Users should be notified with push notifications and/or email in a reasonable amount of time (I would say a few seconds for push, a few minutes or maximum hours for emails).

Additional context

It has been reported many times by many people. More than a problem of emails not sent (in this case the bug could be here around https://github.com/Trustroots/trustroots/blob/master/modules/core/server/services/email.server.service.js#L32) I would say it's a problem of notifications not sent (https://github.com/Trustroots/trustroots/blob/master/modules/messages/server/jobs/message-unread.server.job.js#L266). I tried to do a test on my machine with two fake users, and I couldn't reproduce the issue but I noticed a DeprecationWarning: collection.update is deprecated. Use updateOne, updateMany or bulkWrite instead. I would say that the first thing to do could be solving that warning and others if any.

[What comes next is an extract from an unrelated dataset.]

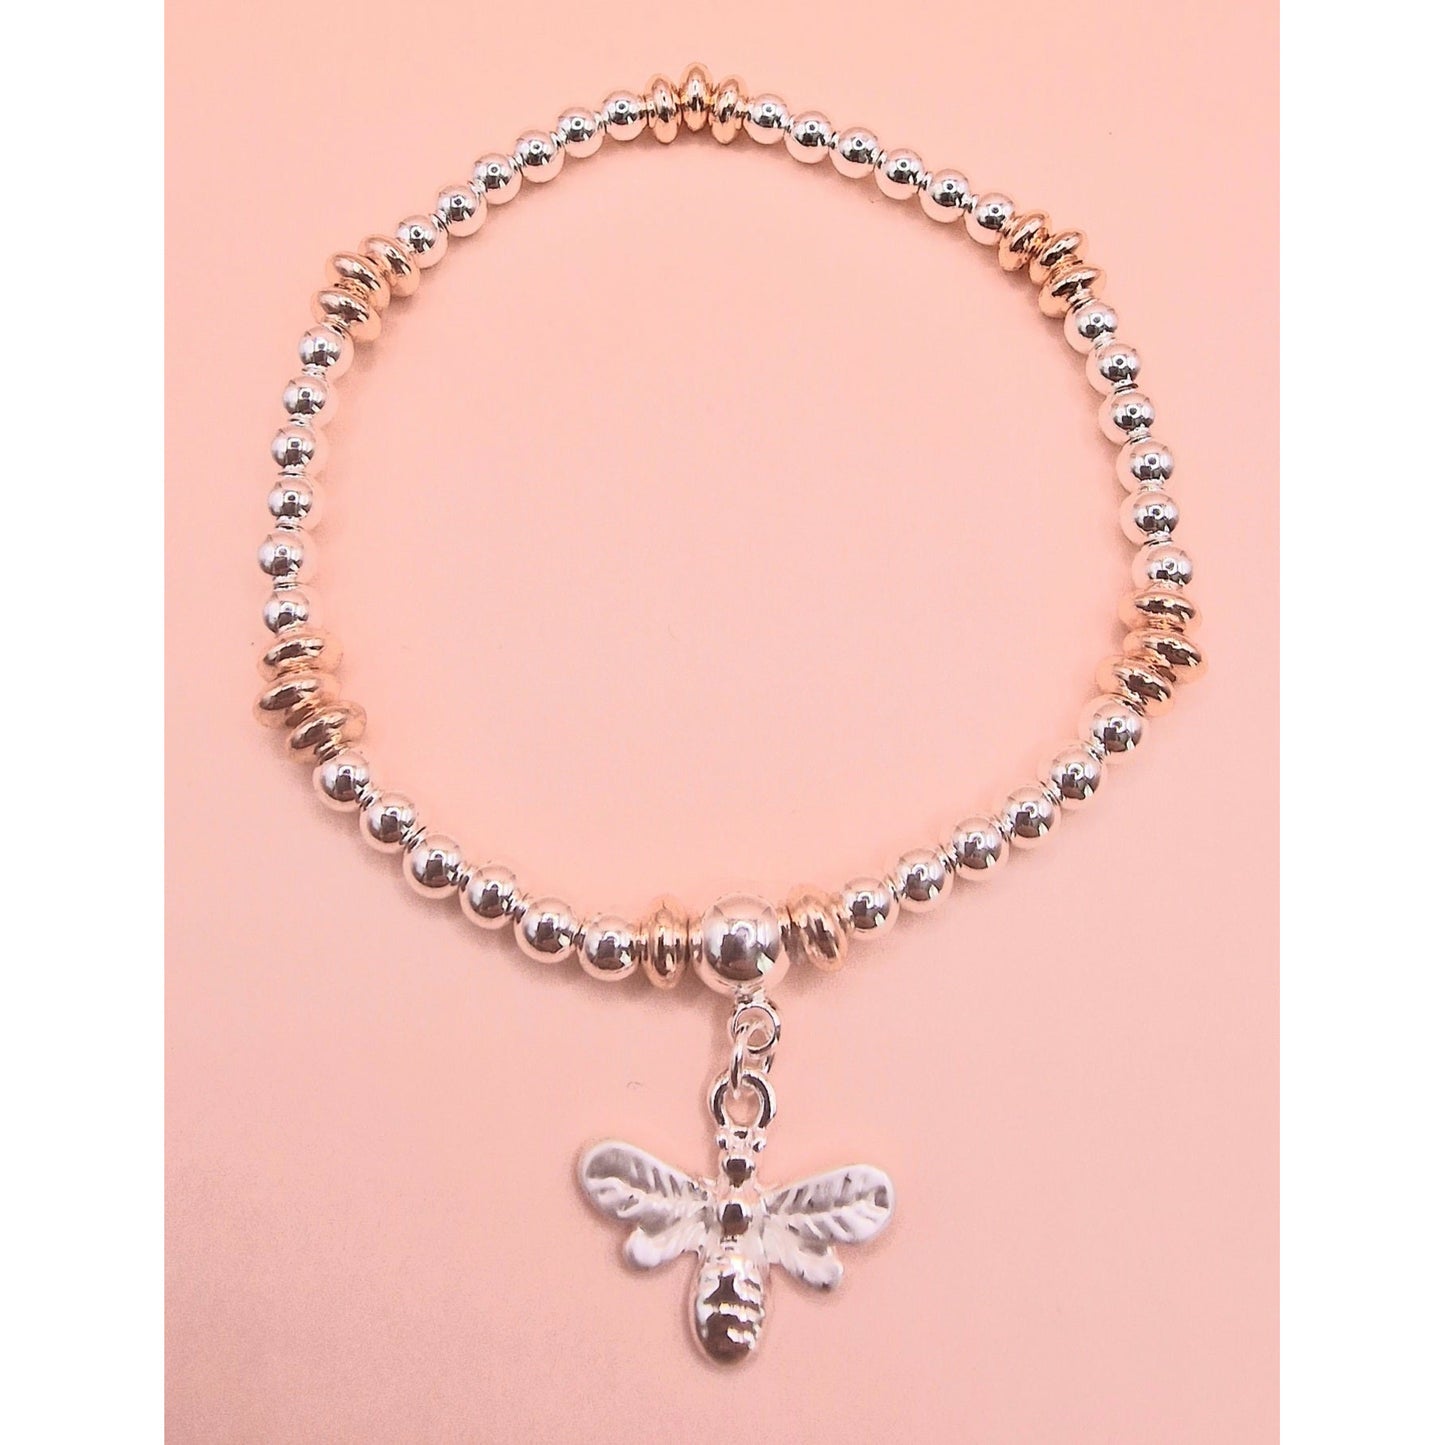 Bumble Bee Stretch Charm Bracelet Silver - Rose Gold Colour

Then removing dead code (Facebook notifications? I never received any notifications on Facebook in 18 months).

Add links to discussion on Slack (or Discourse). https://trustroots.slack.com/archives/C0A3Q15SS/p1614874427039000 https://trustroots.slack.com/archives/C0A3Q15SS/p1620804159014000 https://trustroots.slack.com/archives/C0A3Q15SS/p1626683054005800 https://trustroots.slack.com/archives/C0A3Q15SS/p1630343535000300 https://trustroots.slack.com/archives/C0A3Q15SS/p1632812245003400

Note

When a user writes to other ones and they don't receive answers, they could think that this network is full of phantom profiles and stop to use it. If too often you don't receive an answer or you receive it too late, you stop using the platform for last minute requests. People not receiving notifications probably don't login as often as they would do without the bug, they could forget about having a profile and stop logging in. People that don't log-in after a few months disappear from the map because of the automatic filter "Online in the past 6 months" => less available members => less people using the platform...

simison commented 3 years ago

Thanks for summarizing and collecting links to convos! You are right, I think message deliverability is most important to solve at the moment. Just nobody has had time or needed knowledge.

It's intermittent, e.g. email notifications worked fine fine for me this week, but it's clear from feedback they're not performing well. Locally I haven't been able to reproduce regardless of few attempts, and errors logs don't offer any hints.

I tried to do a test on my machine with two fake users, and I couldn't reproduce the issue but I noticed a DeprecationWarning: collection.update is deprecated. Use updateOne, updateMany or bulkWrite instead.

These are MongoDB API warnings for upgrading the code but won't cause issues until libraries are updated to more recent. Good to update those methods of course. :-)

I would say that the first thing to do could be solving that warning and others if any. Then removing dead code (Facebook notifications? I never received any notifications on Facebook in 18 months).

Likely unrelated to deliverability issues as well but good to clean out indeed! (Doing in https://github.com/Trustroots/trustroots/pull/2411). FB doesn't support these type of notifications anymore if I remember correct.

Some thoughts/todos:

Spam

We had at least one or two big spam waves recently. While we did deal with it, we should try see if there still is spam being sent from TR profiles, and add better protections/monitoring.

Spam gets flagged at different mail services (gmail, hotmail, etc) and receiving anything else from same IP/domain becomes much harder, and slower.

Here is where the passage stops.